Определенным сигналом появления гуннов в Причерноморье уже в конце I в. может служить пара роскошных сарматских погребений в Порогах на Среднем Днестре (Симоненко, Лобай 1991). Судя по тамгам на вещах, погребенные принадлежали к упоминавшемуся ранее царскому дому Фарзоя-Иненсимея, но явно имели какие-то контакты с Центральной Азией: найдены «гуннский» лук с костяными накладками и крупные центральноазиатские наконечники стрел, а мордастый персонаж, изображенный на ажурном бирюзово-золотом наконечнике пояса, имеет отчетливые монголоидные черты. Сходные персонажи можно увидеть и на ручке зеркала из «Соколовой Могилы» на Южном Буге (Ковпаненко 1986) и, как подметил О. В. Шаров, на одной из костяных обкладок, очевидно, от деревянной шкатулки из богатого сарматского захоронения в Мокре из Среднего Поднестровья (Щербакова, Кашуба 1993). Центральноази-атский «уступчатый» наконечник стрелы, такой же, как найденный в Порогах, можно усмотреть и у конного охотника, изображенного на известном серебряном сосуде из сарматского погребения в Косике в Нижнем Поволжье (Дворни-ченко, Федоров-Давыдов 1993). Есть свидетельства связей с Центральной Азией и на некоторых других памятниках той же эпохи (Яценко 1993). Это позволяет сделать предположение, что еще с волной восточных кочевников, принесших с собой бирюзово-золотой стиль изделий и появившихся в Причерноморье в I в. н. э. (Щукин 1994, с. 201-224), сюда могли попасть и некоторые группы хунну, выходцев из Центральной Азии, гуннов, зафиксированных позже Птолемеем и Иорданом, но это особая тема, и мы не будем ею сейчас заниматься.
Если гунны проникали в Причерноморье начиная еще с конца I в., то их облик, казалось бы, не должен был так пугать местных обитателей. Особых новшеств в военное дело гунны, вроде бы, тоже не привносят: у них обычная кочевническая тактика конной лавы. Правда, луки гуннов с костяными накладками более дальнобойны, и мощные наконечники стрел пробивают броню, а специальные костяные свистульки на них издают устрашающий свист.
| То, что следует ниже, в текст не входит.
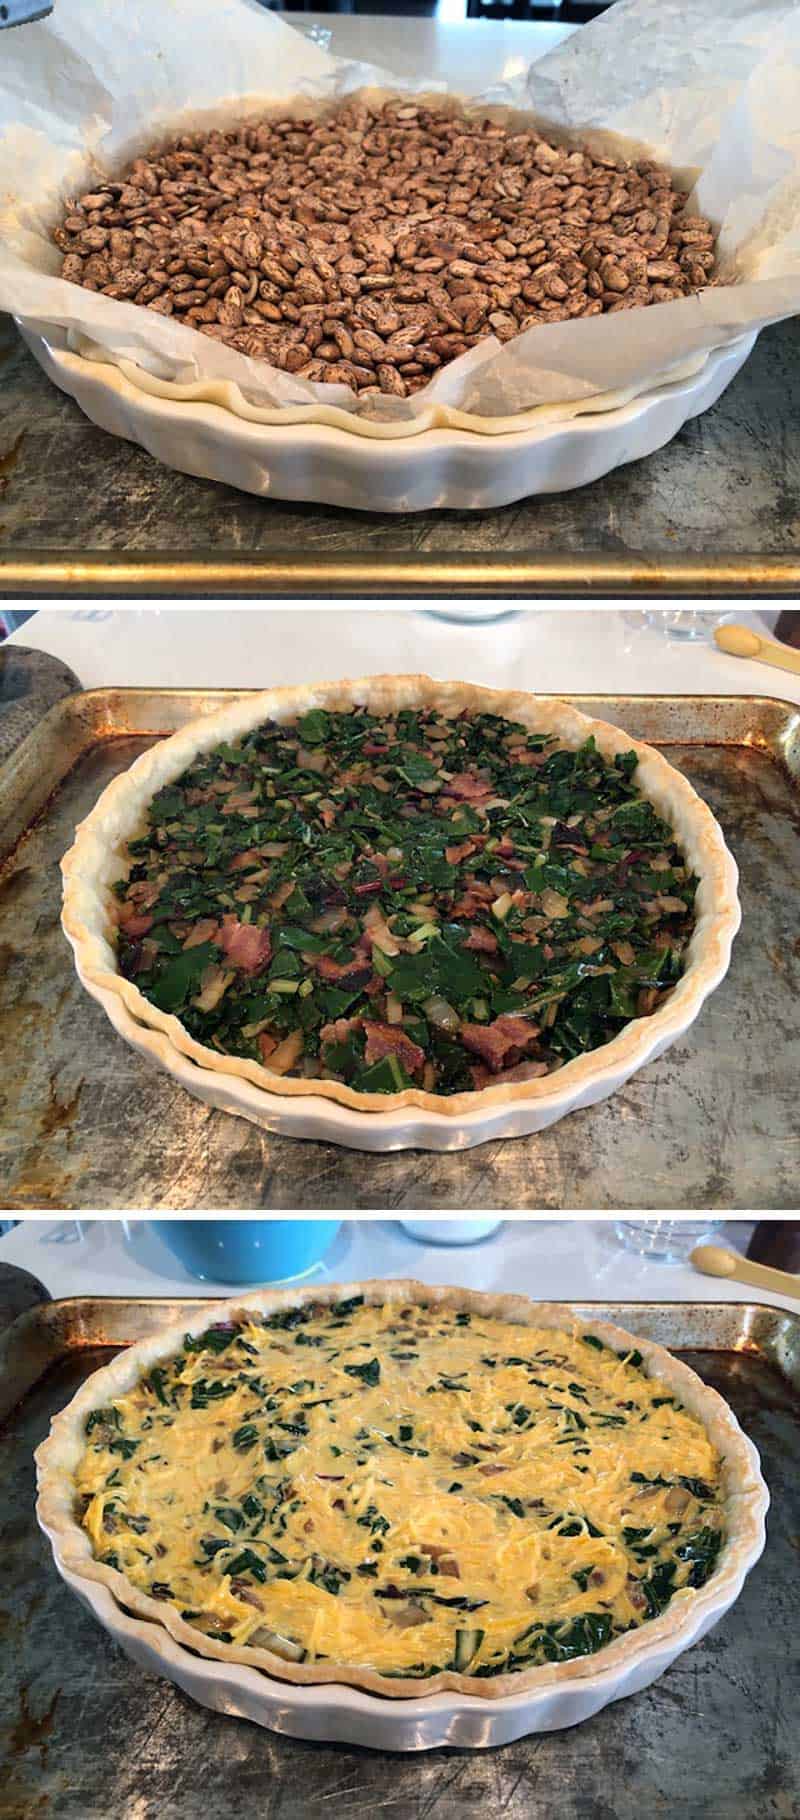 Process collage showing blind baking a pie crust for a quiche.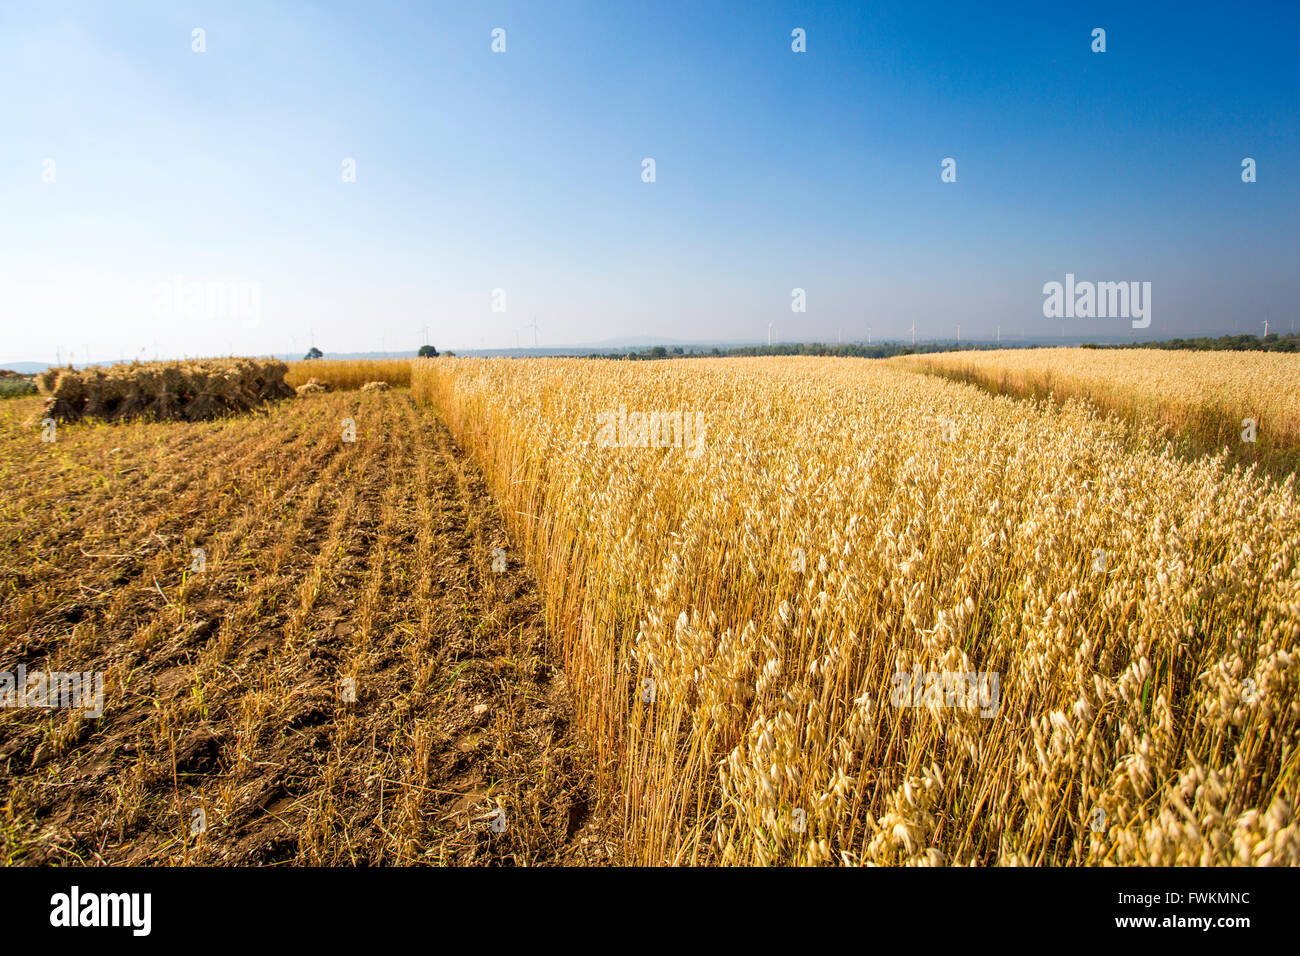 Harvest field in Hebei province, China Stock Photo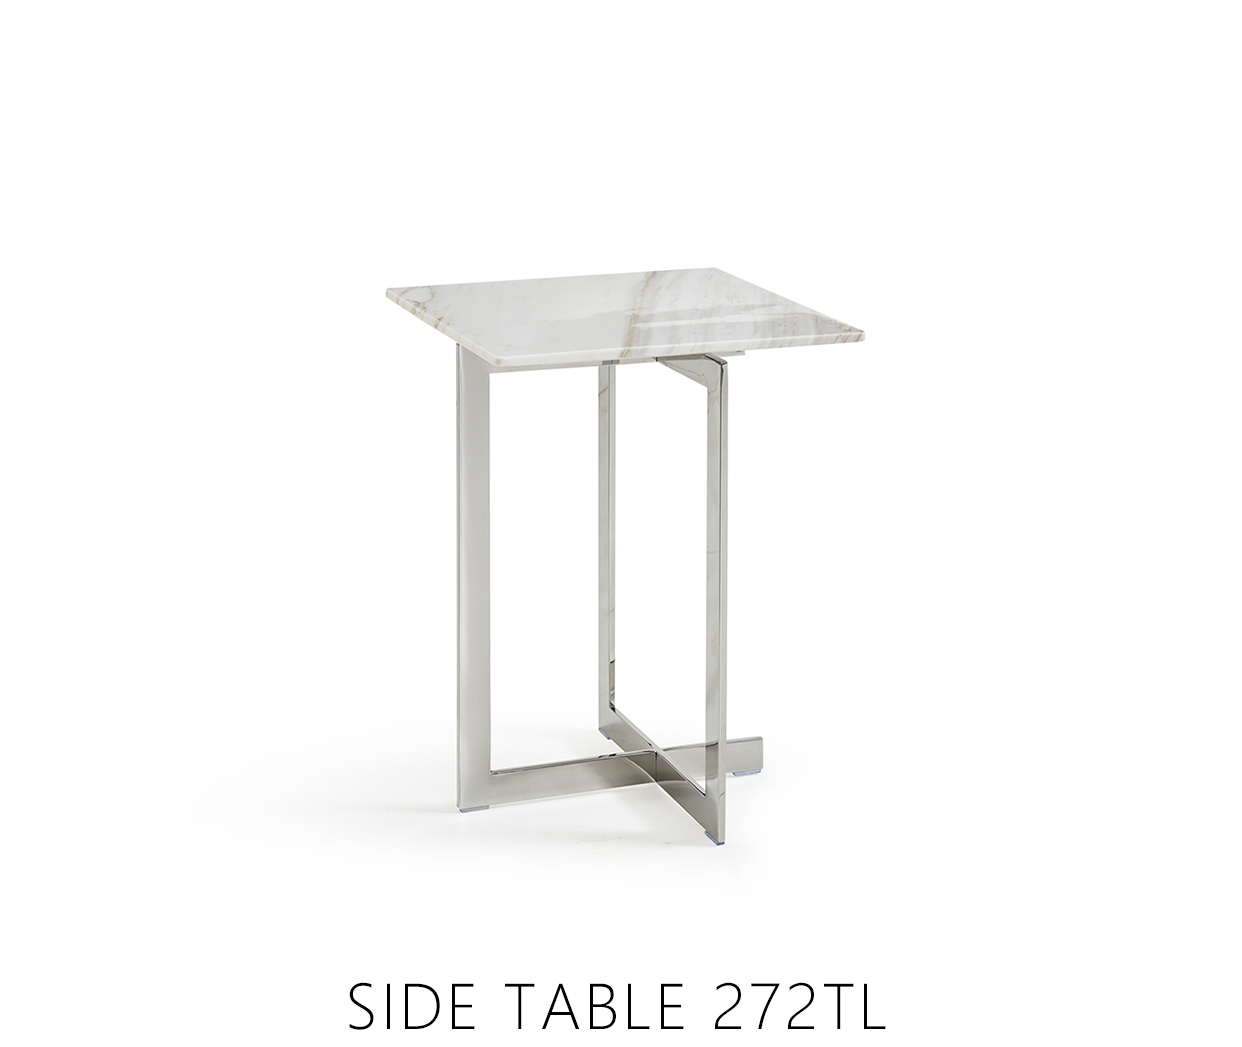 SIDE TABLE 272TL

Но аланам этот тип оружия тоже должен был быть уже известен.
Такое вооружение и многочисленность врагов могли, конечно, произвести впечатление, но стрелы со свистульками в Европе пока не найдены, сколько-нибудь резкого увеличения кочевнических памятников в Причерноморье на рубеже IV-V вв. не наблюдается, захоронения, которые можно связать непосредственно с гуннами, отнюдь не многочисленны (Засецкая 1994).
В чем же дело, что вызвало всеобщую панику? Почему прославленные в боях и бесстрашные воины — готы, вандалы, бургунды, герулы, аланы — вдруг устремляются на Запад, навсегда покидая уже освоенные земли, и ищут спасения в пределах Империи? Признаться, на эти вопросы пока нет ответа. Но безотчетный страх и паника явно имели место. Причины и механизм не совсем ясны. Загадочное космическое излучение? Климатические перемены? Чем вызван этот «климакс» Европы? Гунны гуннами, но только их появлением, даже неожиданным, это уникальное явление в истории человечества, которое получило название Великого переселения народов, не объяснишь.
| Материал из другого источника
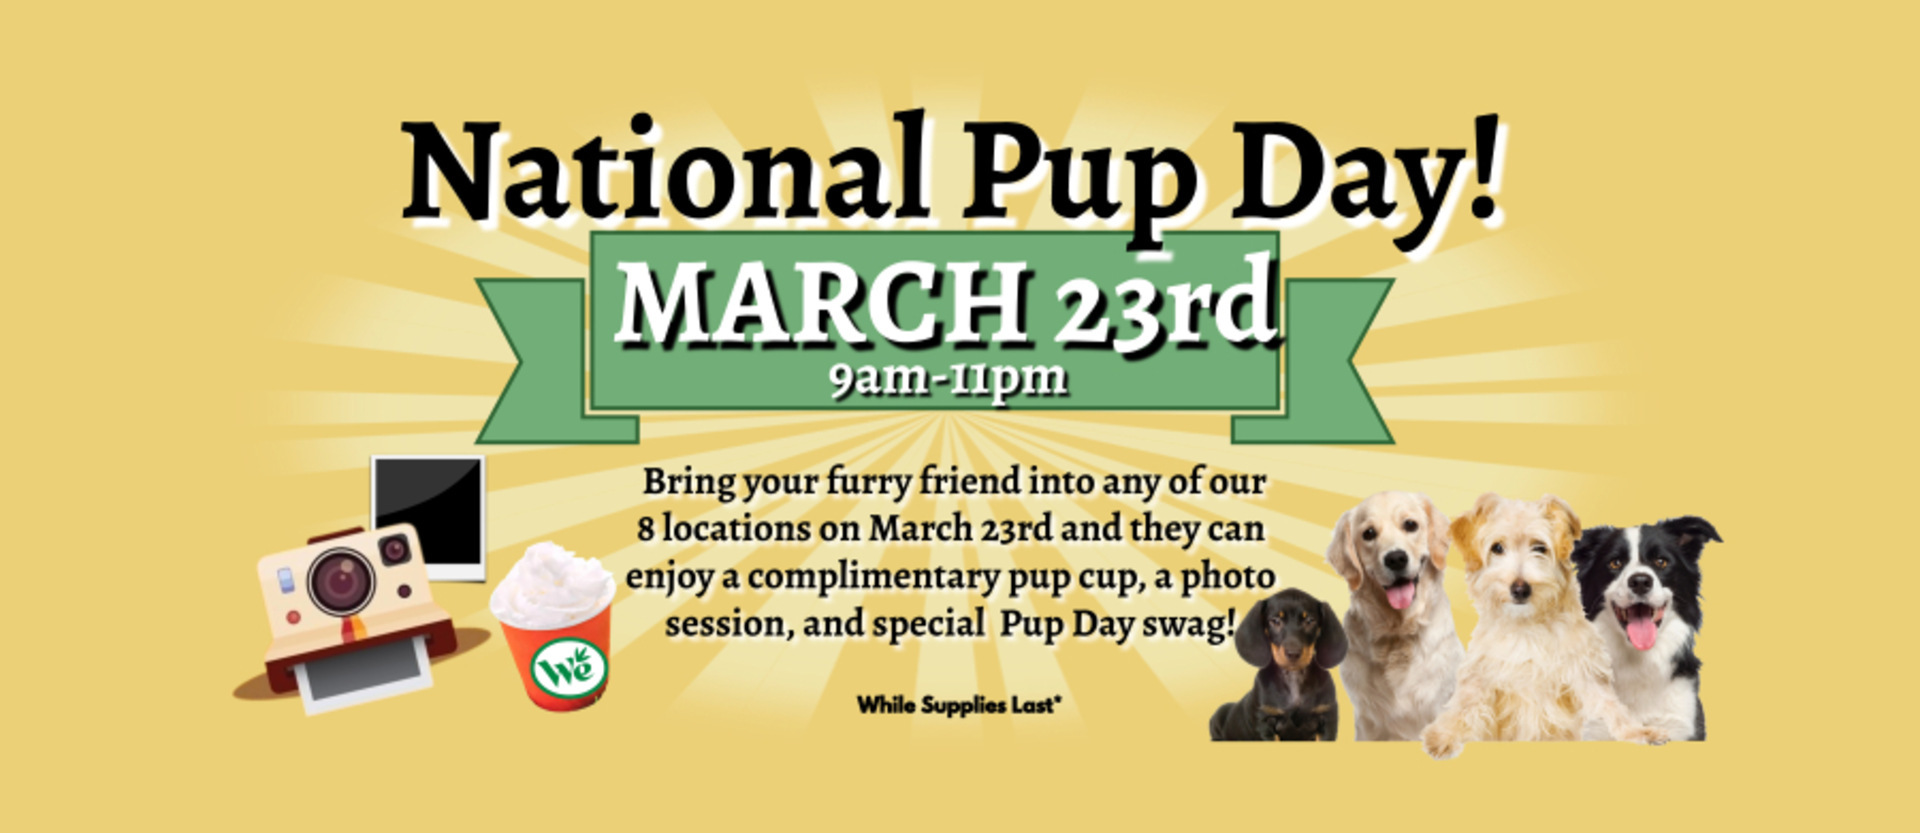 National Pup Day - March 23

При знакомстве с ходом событий конца IV-V в. невольно возникает ощущение некоего злого рока. События полностью выходят из-под контроля людей, претендующих на осуществление этого контроля и, казалось бы, обладающих властью и способностью делать это. Но все складывается помимо их воли — ситуация непредсказуемости и неуправляемости, всеобщий жестокий хаос. В событиях нет исторической и политической логики и последовательности. Причинно-следственные связя разрушены. Последние страницы античной истории читаются как античная трагедия. Слепой рок господствует над героями, и они совершают поступки неразумные и трагические.
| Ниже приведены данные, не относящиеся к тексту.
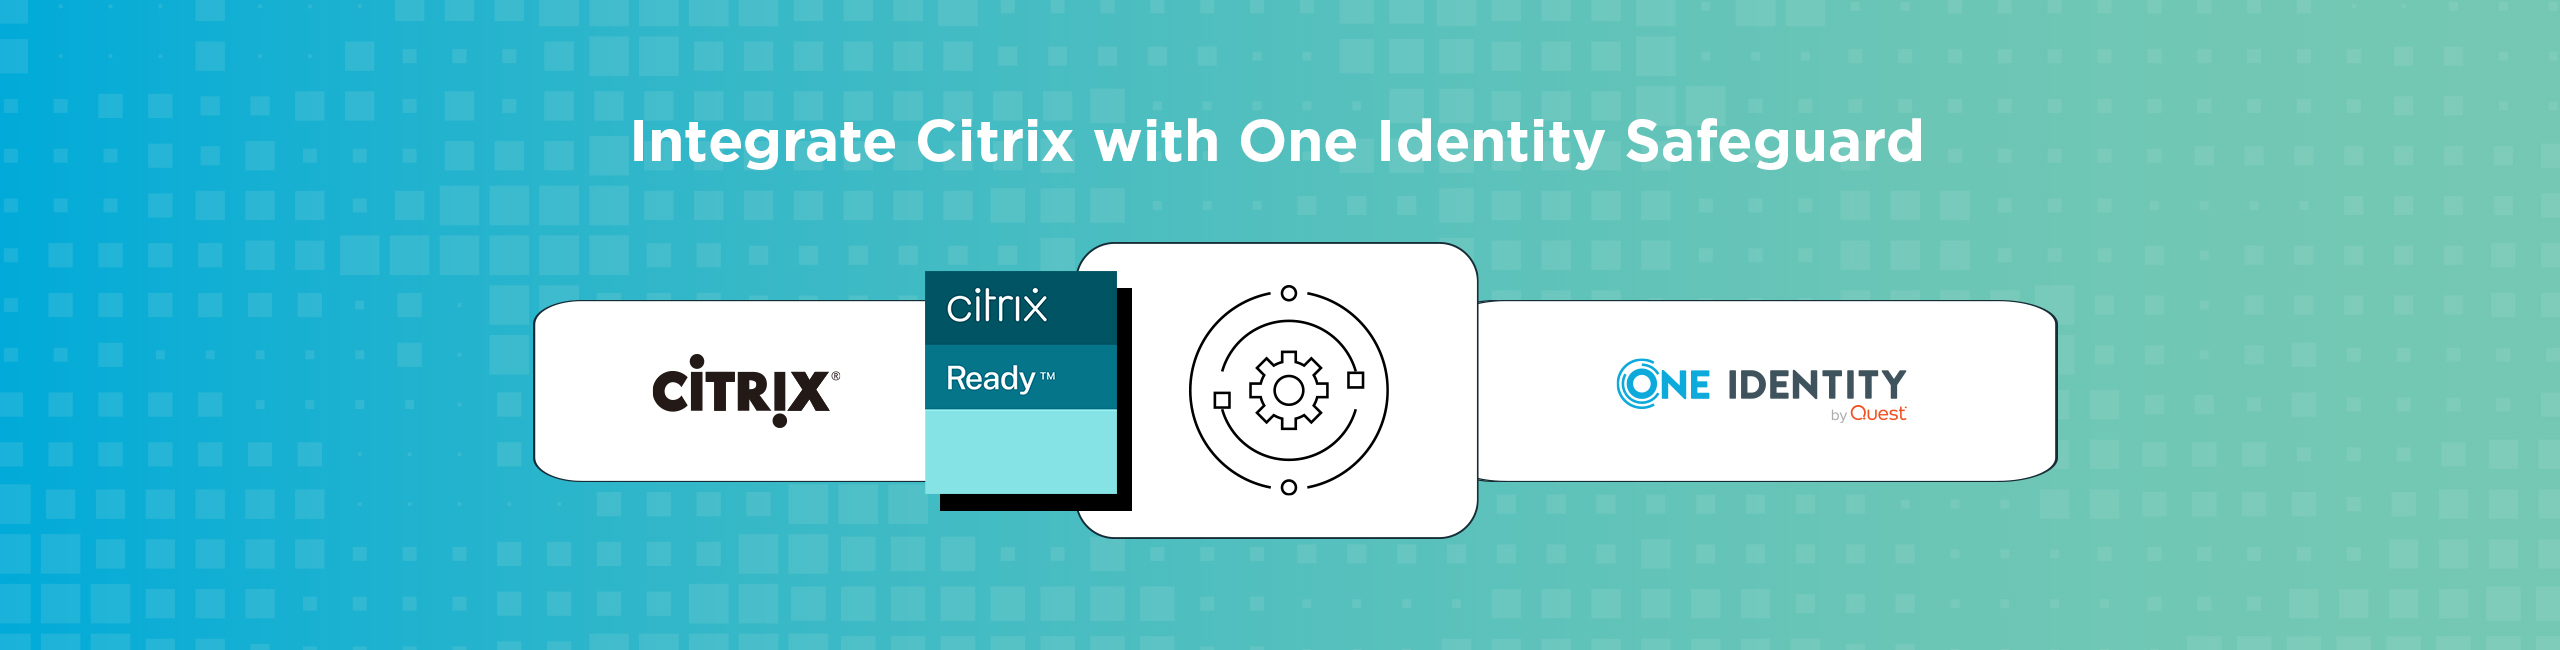 Integrate Citrix with One Identity Safeguard

Судите, впрочем, сами. Хотя, по правде сказать, очень трудно передать все перипетии событий, они чрезвычайно бессистемны и запутанны. Мною будет дана лишь самая общая канва и несколько наиболее ярких эпизодов. Как сообщает Иордан, гунны, перейдя вброд вслед за оленем Меотийское озеро, подчинили прежде всего алан, «обессилив их частыми стычками» (lord. Get., 123— 126). Обычно считается, что они пересекли Керченский пролив. Но таким был путь обычный, торговый, а гунны шли явно каким-то новым и неожиданным путем, напав в первую очередь на алан-танаитов, обитателей низовьев Дона. Возможно, они действительно прошли отмелями обмелевшего по каким-то причинам Азовского моря. В «Истории» Зосима, вероятно, не случайно сказано, что гунны «появились в Европе, перейдя Киммерийский Боспор, занесенный илом Танаиса», то есть Дона.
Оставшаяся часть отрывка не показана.